Two candidate paths, both FFI-heavy:
1. `pg_sys::heap_multi_insert` — writes N tuples to the heap in one
call. Skips the executor's per-tuple wrapper and uses the
bulk-insert AM path. Requires hand-building `TupleTableSlot`s
and routing across partitions (or pre-resolving the partition
relation per `graph_id`).
2. `pg_sys::BeginCopyFrom` + a callback-driven binary feed —
higher-level than `heap_multi_insert`, handles partitions, but
needs more glue (binary header bytes, the per-tuple binary
tuple layout).
Tracked as **Phase 3 step 3b** in the v0.3 LLD; lands in v0.4
unless promoted forward.
### Graph routing
The loader writes directly with `graph_id = <caller-supplied>`,
so the partition router places tuples in the correct partition
without a round-trip through the default partition. If the caller
hasn't called `pgrdf.add_graph(g)` first, tuples land in the
default partition; subsequent `add_graph(g)` calls don't move
them — the partition-creation order is the caller's
responsibility.
## 2.4 What's NOT in storage
- **No vacuum tuning yet.** Standard autovacuum suffices for v0.2;
tuning lives in [`docs/10-roadmap.md`](10-roadmap.md) Phase 4.

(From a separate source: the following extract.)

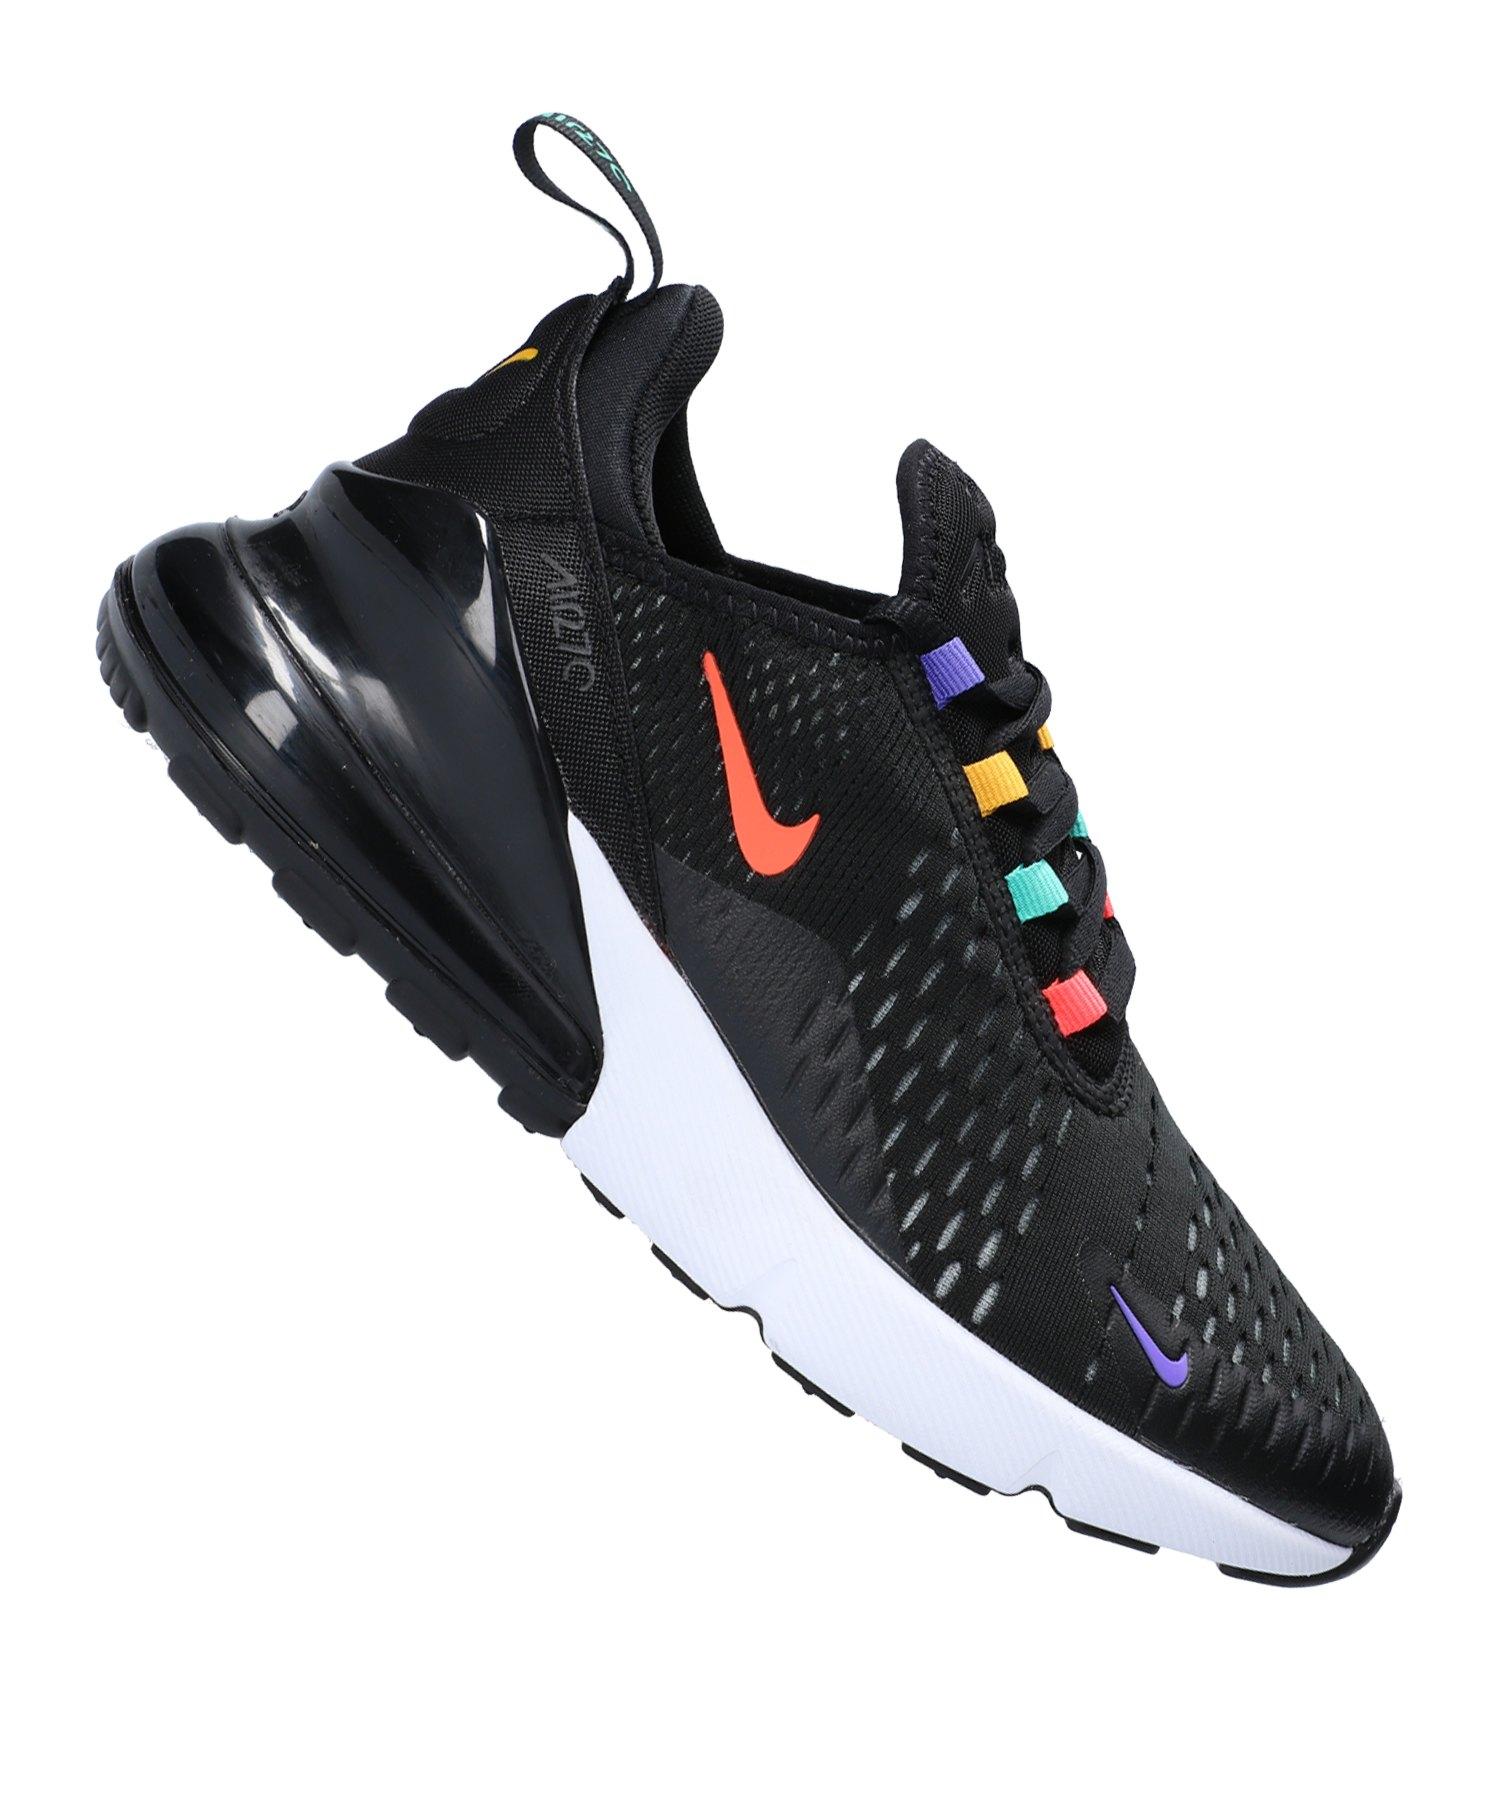 Nike Air Max 270 Sneaker Damen Grau F023 |Lifestyle | Freizeit ...

- **No TOAST tuning.** Literals are stored inline; long literals
(≥ 2 KB) compress under default TOAST policy.
- **No PostgreSQL custom scan hooks** at v0.3.0 — Phase 2.x
performance follow-on per LLD §4.2.
- **No foreign keys** from `_pgrdf_quads` to `_pgrdf_dictionary`.
Intentional — the loader enforces referential integrity by
resolving ids before INSERT, and FKs would slow the hot path.